Group D: Unjust Enrichment 8. a. Was Scotiabank enriched by failing to pay Class Members appropriately for all their hours worked? b. If the answer to 8(a) is "yes", did the Class suffer a corresponding deprivation?
Group F: Remedy & Damages 9. If the answer to any of the foregoing common issues is "yes", what remedies are Class Members entitled to? 10. If the answer to any of the common issues is "yes", is Scotiabank potentially liable on a class-wide basis? If "yes": a. Can damages be assessed on an aggregate basis? If "yes": i. Can aggregate damages be assessed in whole or part on the basis of statistical evidence, including statistical evidence based on random sampling? ii. What is the quantum of aggregate damages owed to Class Members? iii. What is the appropriate method or procedure for distributing the aggregate damages award to Class Members?** 11. Is the Class entitled to an award of aggravated, exemplary or punitive damages based upon the Bank's conduct? If "yes": [page395] a. Can the damages award be determined on an aggregate basis? b. What is the appropriate method or procedure for distributing any aggregate aggravated, exemplary or punitive damages to Class Members? 12. To the extent that the claims of Class Members raise non-common or individual issues, what are the appropriate, most efficient and cost effective procedures for determining same?*
- Not certified per the motion judge's order. ** Not certified in accordance with these reasons. *** Certified with modification in accordance with these reasons.
Notes
[See Note 1 below] Members of a different law firm recently brought a certification motion in an overtime class action in the banking sector in Brown v. Canadian Imperial Bank of Commerce, [2012] O.J. No. 1853, 2012 ONSC 2377 (S.C.J.). In that case, the representative plaintiffs alleged that their employer wrongly classified the putative class members as ineligible for overtime. The motion judge refused to certify the proceeding as a class action.

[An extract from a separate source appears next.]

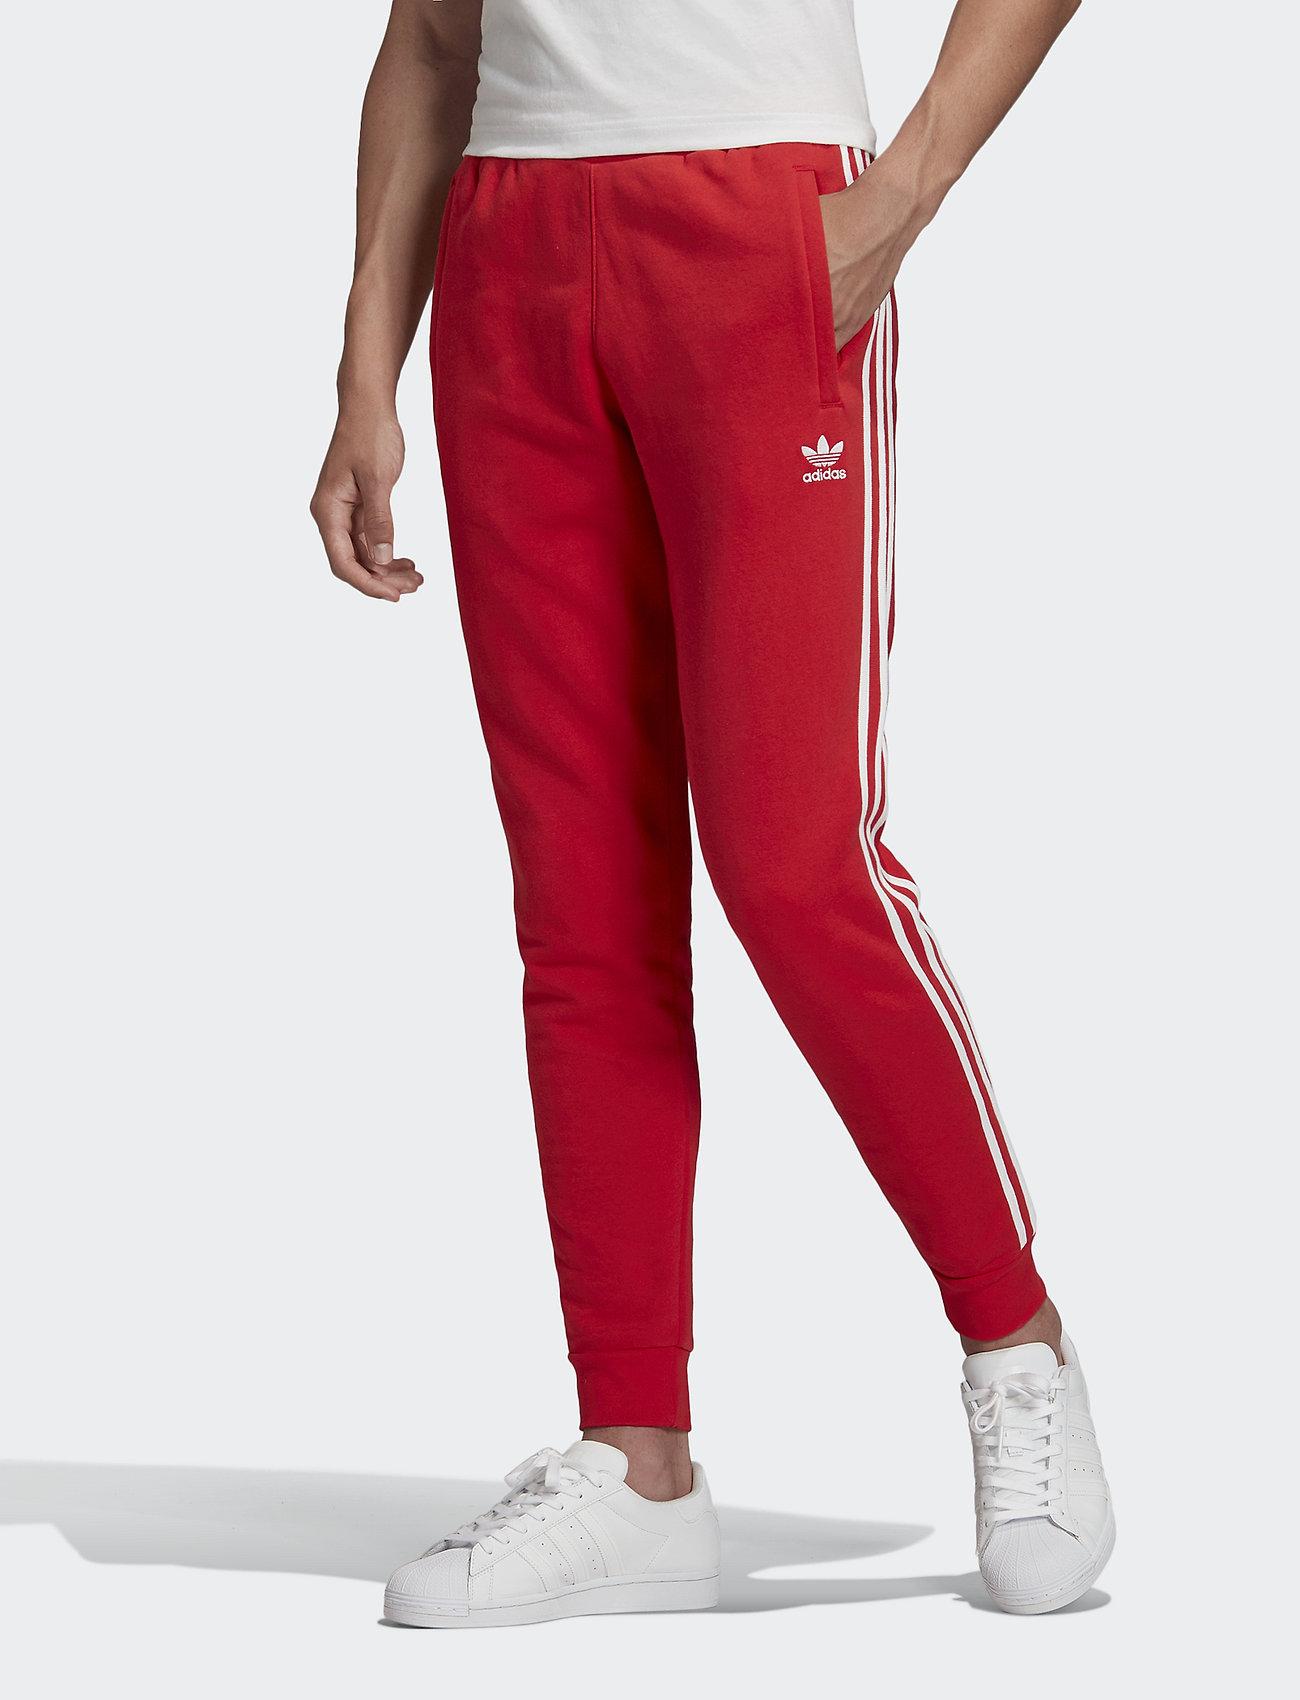 adidas Originals - 3-STRIPES PANT - pants - lusred - 0

[See Note 2 below] Scotiabank also moved to strike certain affidavit evidence filed by the plaintiff. The motion judge dismissed this motion and the Divisional Court upheld this order. Scotiabank is not appealing from this aspect of the Divisional Court's order.

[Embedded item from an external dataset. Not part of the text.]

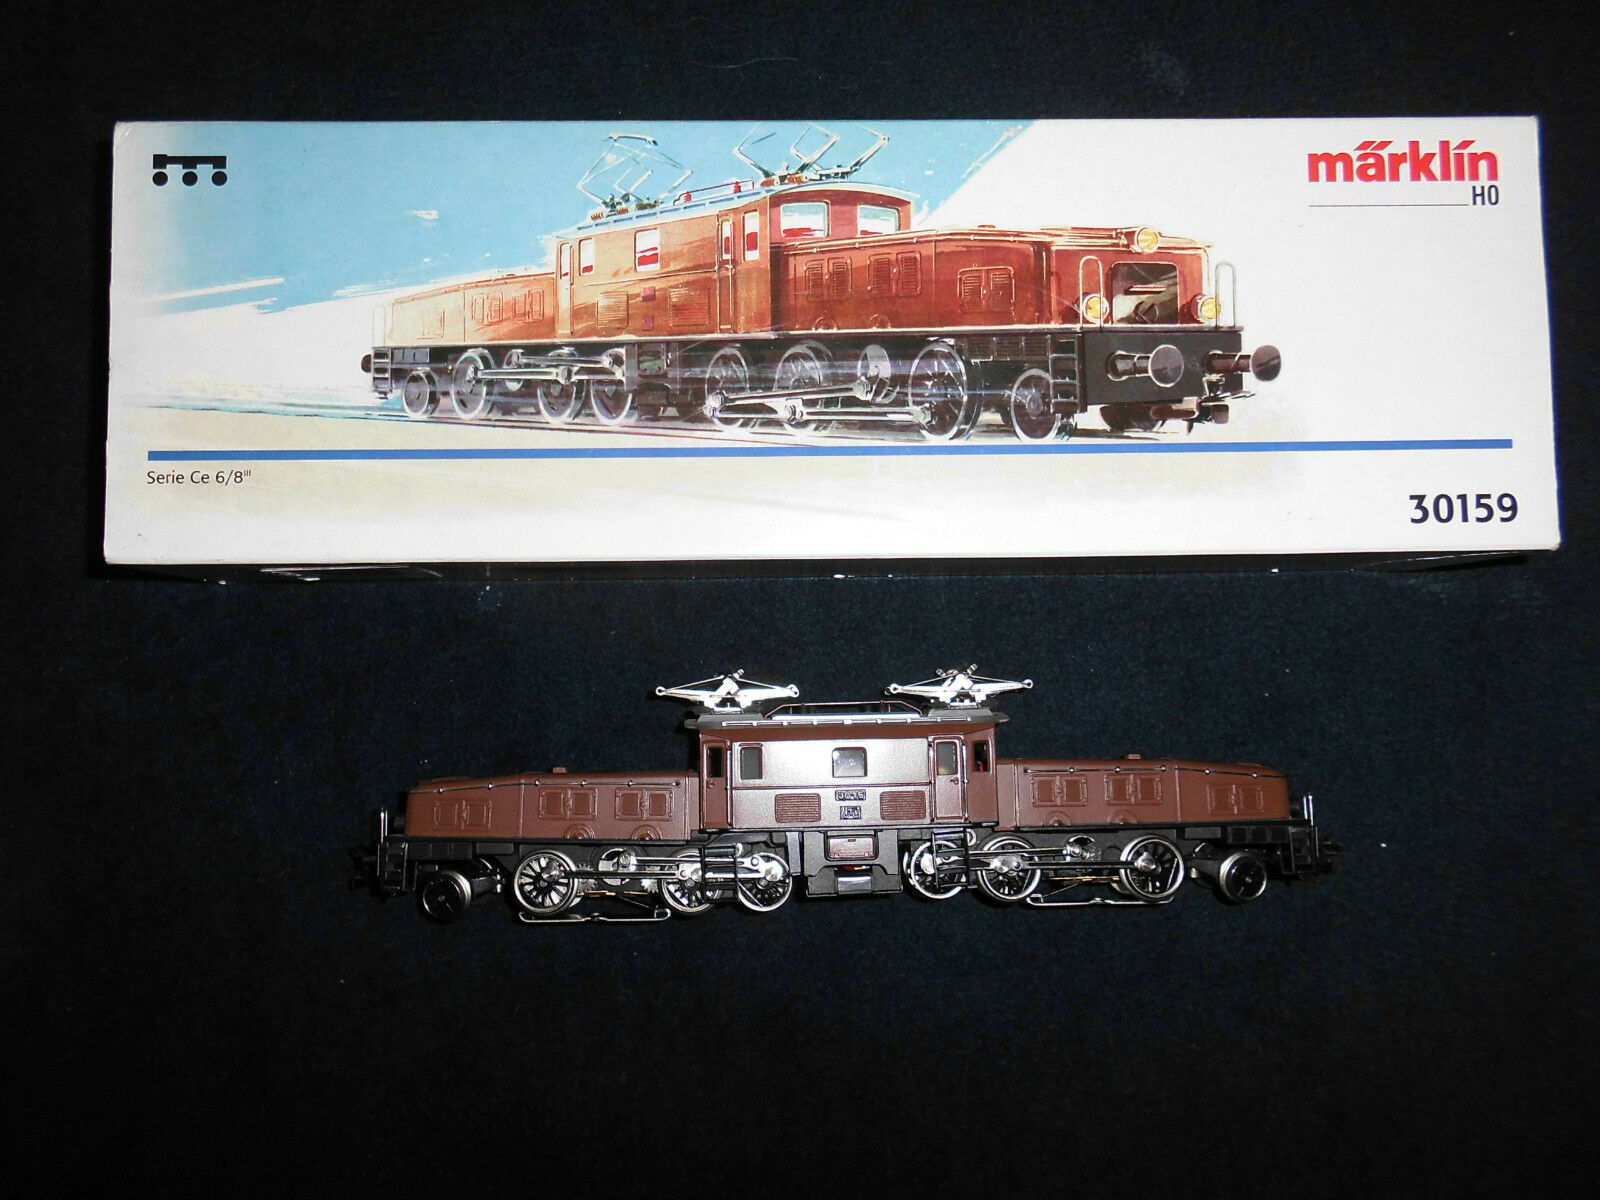 Marklin H0 - 30159 Krokodile Serie CE 6 8 brown - OVP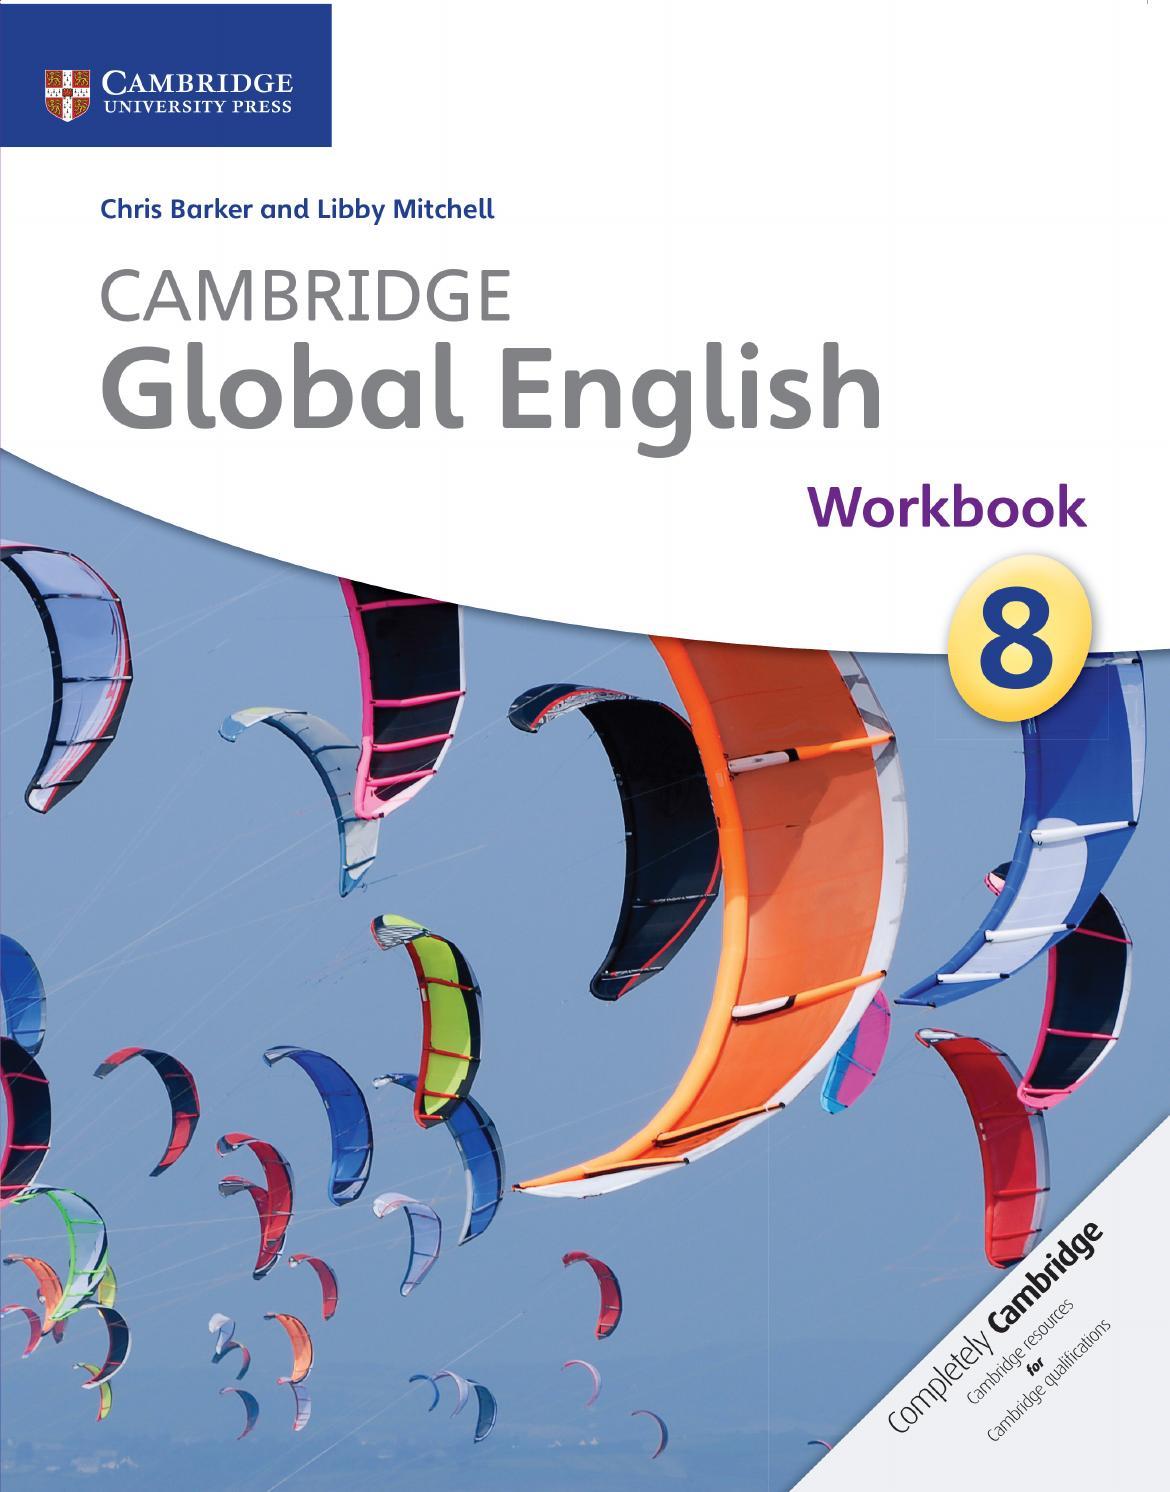 Preview Cambridge Global English Workbook 8 by Cambridge University Press  Education - issuu

[See Note 3 below] Counsel for the respondent rose to advise the panel that this was the first time in the proceedings that Scotiabank had conceded that the Code provisions are incorporated into the contract. Counsel for the appellant responded that he had not been counsel in the courts below. Counsel for Scotiabank went on to acknowledge that the Initial Policy (which admittedly forms part of the employment contract of class members) states that it is based on the Code. He further acknowledged that, to the extent there is any inconsistency between the terms of the policy and the requirements of the Code, the terms of the policy would be void. Counsel went on to make it clear that he was not conceding preferable procedure.
[See Note 4 below] The appellant's submissions on the damages issues focused on the suitability of the proposed common issue of the availability of an aggregate assessment of damages arising from the claims for unpaid overtime as raised by common issue 10(a).